(no subject)
Jun. 7th, 2002 08:56 pmGot my latest Amazon order — two CDs (Ben Folds Five by the Ben Folds Five, and Rockin’ the Suburbs by Ben Folds working solo) and a couple of Michel Gagné books (Insanely Twisted Rabbits and Frenzied Fauna). The Gagné books are full of just the sort of weird critters I used to draw when I was a kid, only much more accomplished; Gagné’s something like the artist I ought to have grown up into if I’d stuck with it all those years.
*chuckle*
Date: 2002-06-09 03:37 am (UTC)So I'm trying a more gentle approach from now (but old habits do die hard), cause clearly the beating myself up tactic -isn't- working. ;)
Re: *chuckle*
Date: 2002-06-09 12:58 pm (UTC)Oh, this wasn’t beating myself up. Beating myself up is stuff like the “I Suck” post on the 6th, or when I wake up in the afternoon today and realize that I’m still making excuses rather than going to the gym, and that I haven’t gotten <classified> anywhere near finalized in sketch form, as I’d been meaning to do last week.
Or when I realize that it’s 4 PM on a Sunday and I’m still not dressed, and I’m just wasting time on the damn computer!
Having stuff in common
Date: 2002-06-09 04:26 pm (UTC)Re: Having stuff in common
Date: 2002-06-10 02:22 am (UTC)I did really like Finder, but I really didn't like the creepy comic book about being in the Workplace thang. That really disturbed and upset me on an elemental level. So I guess it seems to me that our tastes have somewhat diverged over the years and then suddenly you refer to stuff that I 1) actually know what you're talking about and 2) like. ;) I generally don't come out and make a point of saying that I am unfamiliar with what you're talking about or don't like it cause that's either not really the point or it's kind of rude. ;) Anywho ...

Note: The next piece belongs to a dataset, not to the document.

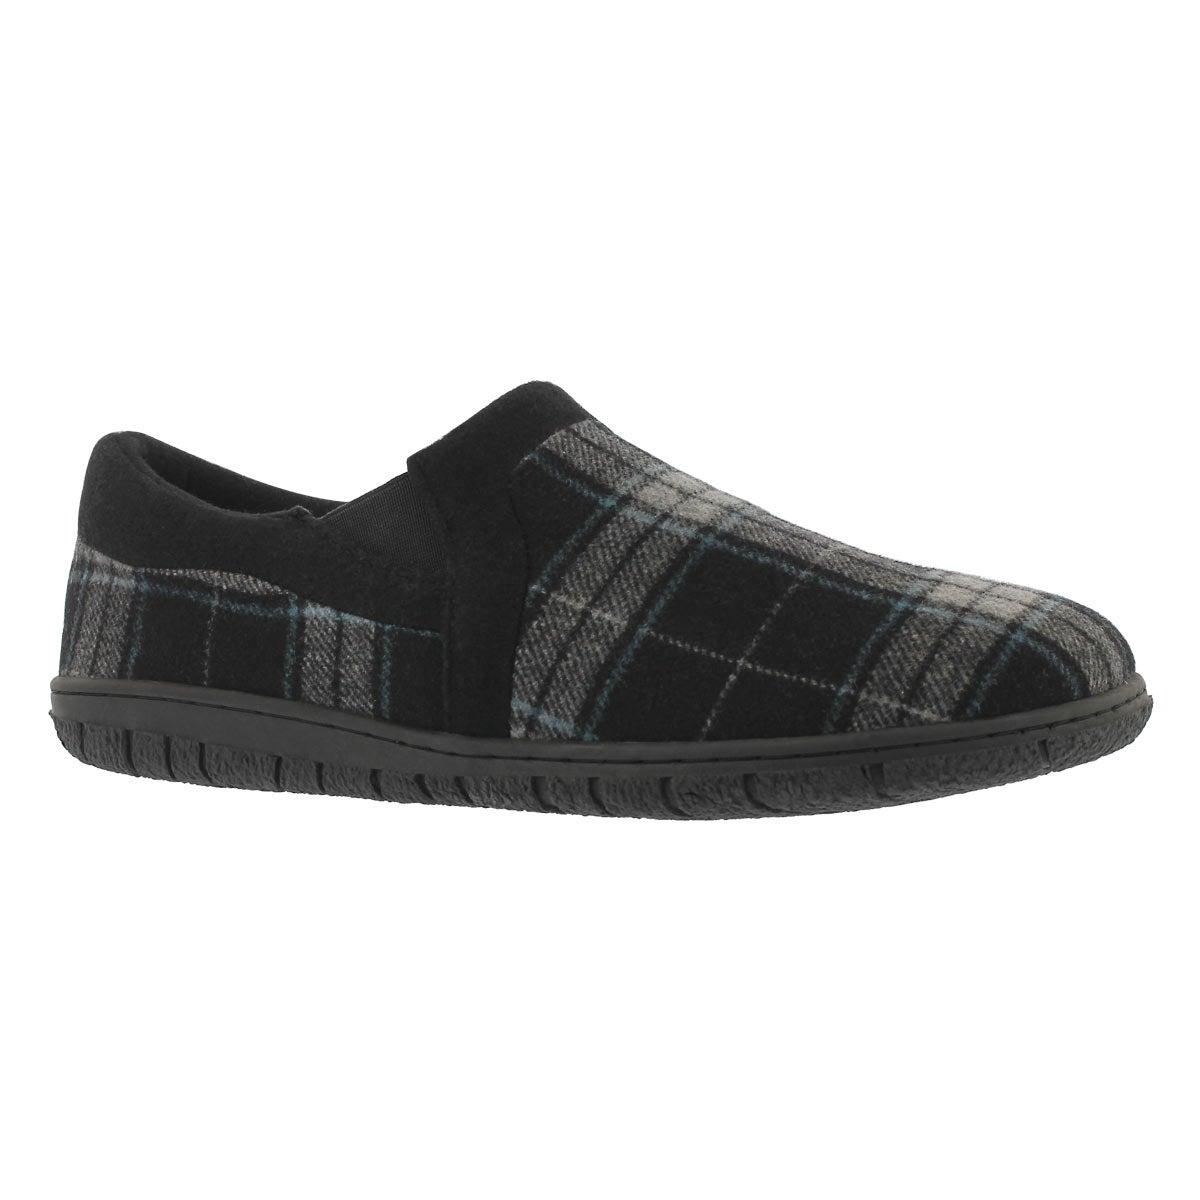 Men's JACOB black plaid memory foam slippers

Re: Having stuff in common
Date: 2002-06-10 10:35 am (UTC)Well, that’s one of the things friends are supposed to do, expand each others’ horizons. I don’t expect to like everything all my friends like, but I figure that I’ll like some of it, so if they expose me to enough stuff I’ll still wind up finding stuff I like that I wouldn’t have found otherwise.
Lisa, my oldest friend, who I’ve known for almost 25 years, is a big fan of James Joyce. I’ve never read a page of Joyce in my life, and don’t expect to anytime soon, and if I do read any it’ll likely be something like Dubliners, and not the stuff Lisa really gets off on like Ulysses or Finnegans Wake. She and her boyfriend
The workplace comic, Through the Habitrails (by Jeff Nicholson, who currently does Colonia — you knew that, right?), is supposed to be creepy (though “Kafkaesque” is the descriptor that comes to my mind). Parts of it were originally published in the horror comics anthology Taboo, and I thought they were the scariest thing in there. This is one of those basic personality things, I think. In my experience, some people just don’t like reading about negative experiences (and the types of experiences vary; some people are fine with physical horror but can’t take psychological, for example), while others are capable of mentally encapsulating the experience as fiction and maintaining psychological distance from it. In my case, I was slaving away at Sir Speedy when I read “It’s Not Your Juice” the first part of Habitrails to see print, about the guy getting something in the mail that gives him “juice” (a creative charge), and then having the juice literally tapped away over the course of the workday, leaving him with none for his own projects, I thrummed like a tuning fork someone had just hit. Yes, that’s it, that’s it exactly I thought. I think reading that comic may have contributed to my quitting that awful job.